Personal information
- Full name: Willem Gerard Lippens
- Date of birth: 10 November 1945 (age 79)
- Place of birth: Bedburg-Hau, Niederrhein, Germany
- Height: 1.70 m (5 ft 7 in)
- Position: Midfielder

Senior career*
- Years: Team / Apps / (Gls)
- 1966–1976: Rot-Weiss Essen / 172 / (89)
- 1976–1979: Borussia Dortmund / 70 / (13)
- 1979: Dallas Tornado / 25 / (15)
- 1979–1981: Rot-Weiss Essen / 67 / (23)
- 1981–1982: Rot-Weiß Oberhausen / 2 / (0)
- Total:  / 336 / (140)

International career
- 1971: Netherlands / 1 / (1)

Managerial career
- 1998: Rot-Weiss Essen

= Willi Lippens =

Footballer

Willem Gerard "Willi" Lippens (born 10 November 1945) is a former football player. He is nicknamed "Ente" (German for "duck") due to his waddling. Born in Germany, he represented the Netherlands national team.

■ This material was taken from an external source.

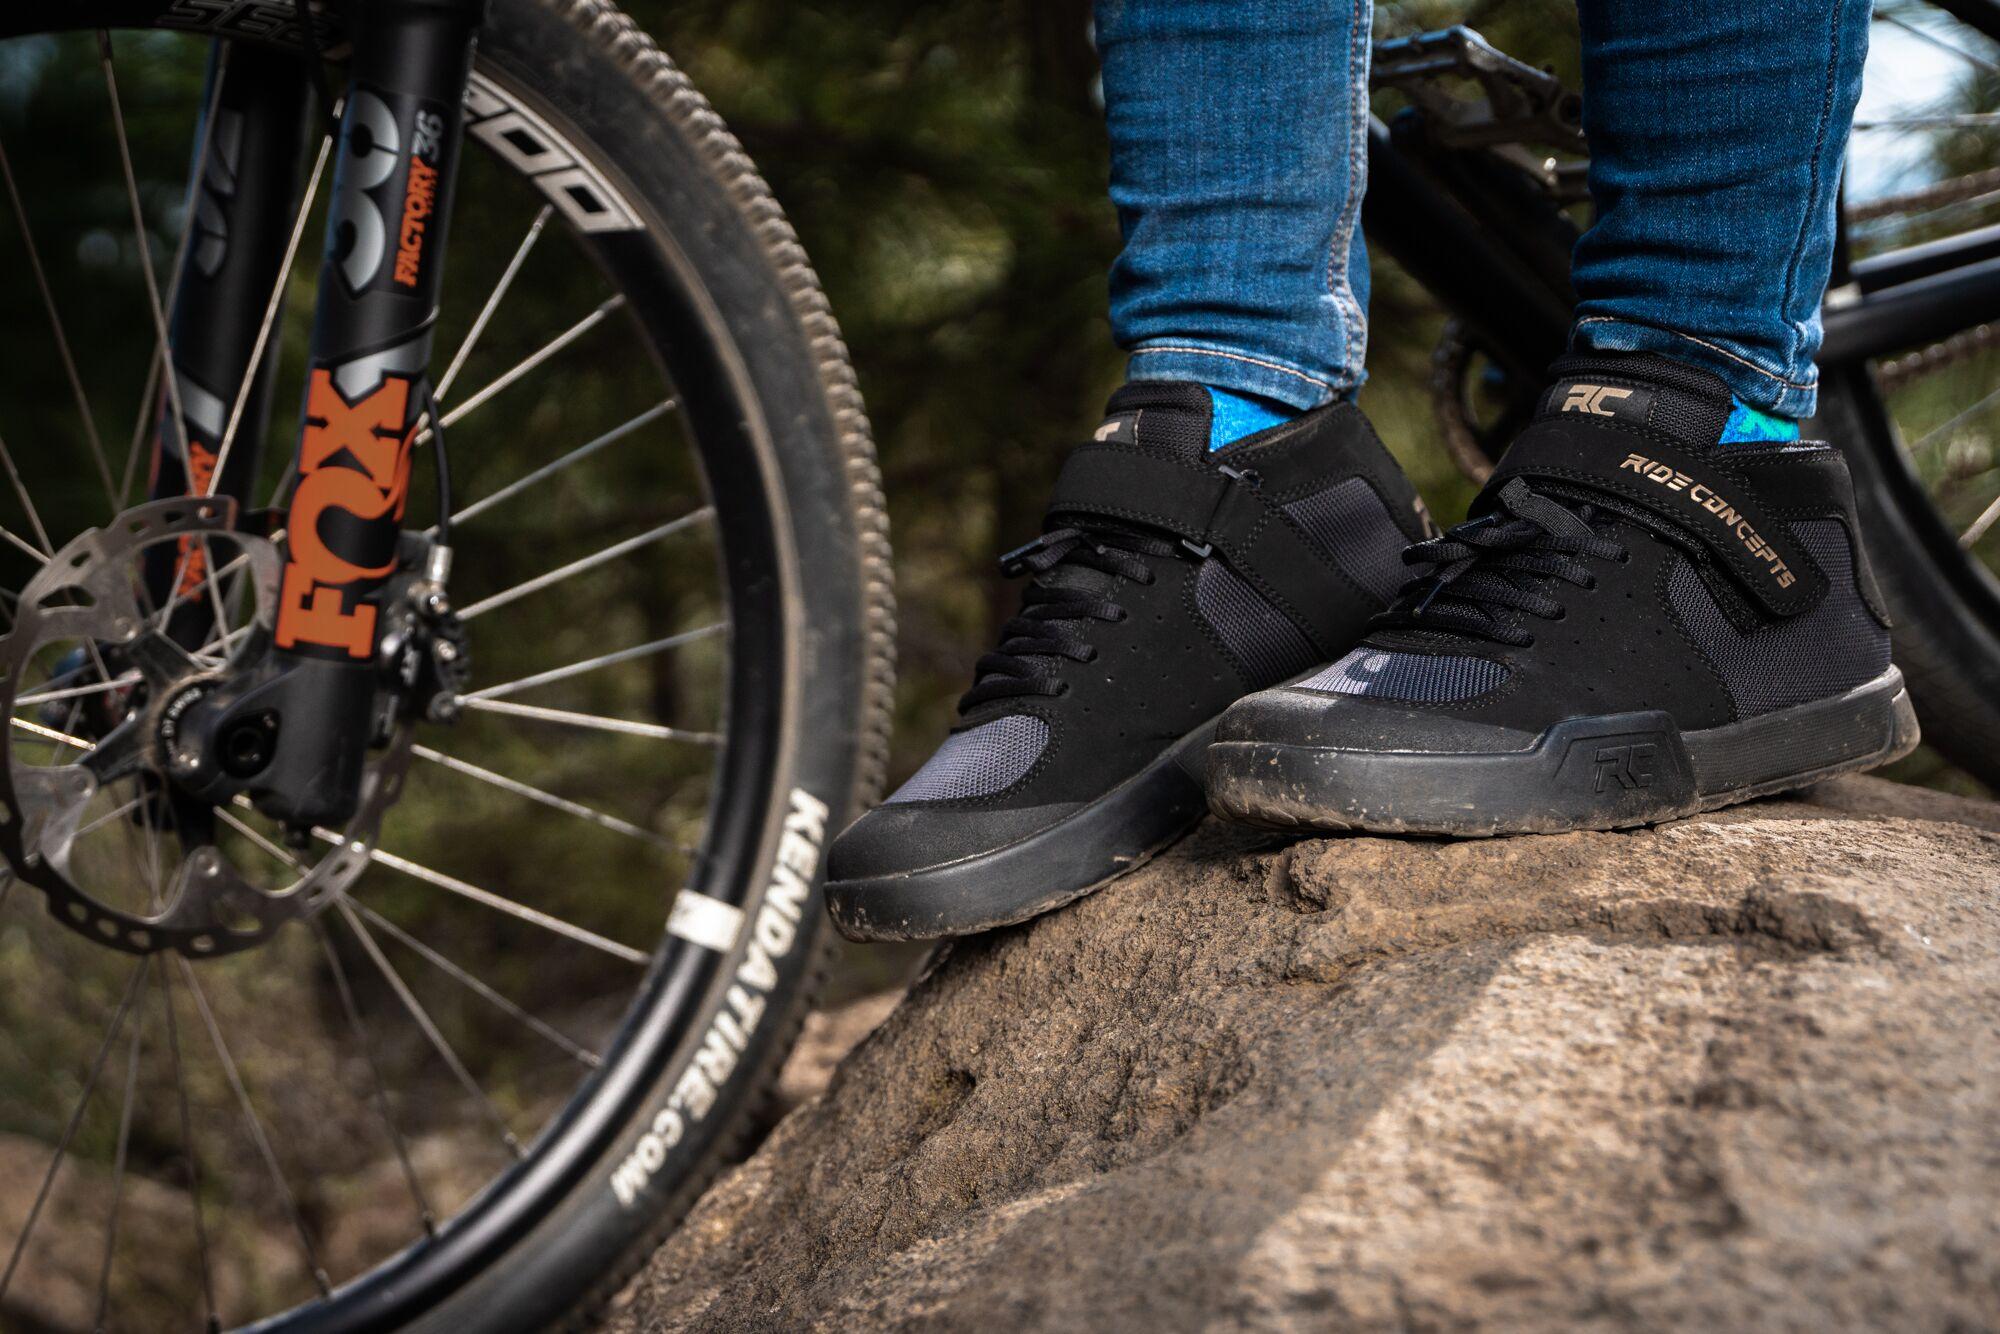 Ride concepts Mens Bike Shoes Wildcat Mountain Bike MTB Cycling Shoes

Born near the German-Dutch border to a Dutch father and a German mother, Lippens spent most of his career playing for German clubs. He played for Rot-Weiss Essen from 1965 to 76 and in 1980–81. Between 1976 and 1979 he played for Borussia Dortmund before leaving to play one season for the Dallas Tornado in the NASL (North American Soccer League).

Lippens played in 242 Bundesliga matches, scoring 92 goals, making him the player who appeared most often for Rot-Weiss at that level of play, as well as their top scorer. Lippens also played an international match for the Netherlands, making him one of eight Dutch football players to have been selected for the Netherlands national team while never having played in the Dutch Eredivisie. The other capped players are Jordi Cruyff, Jerrel Hasselbaink, Rob Reekers, Wim Hofkens, Nathan Aké, and Timothy Fosu-Mensah.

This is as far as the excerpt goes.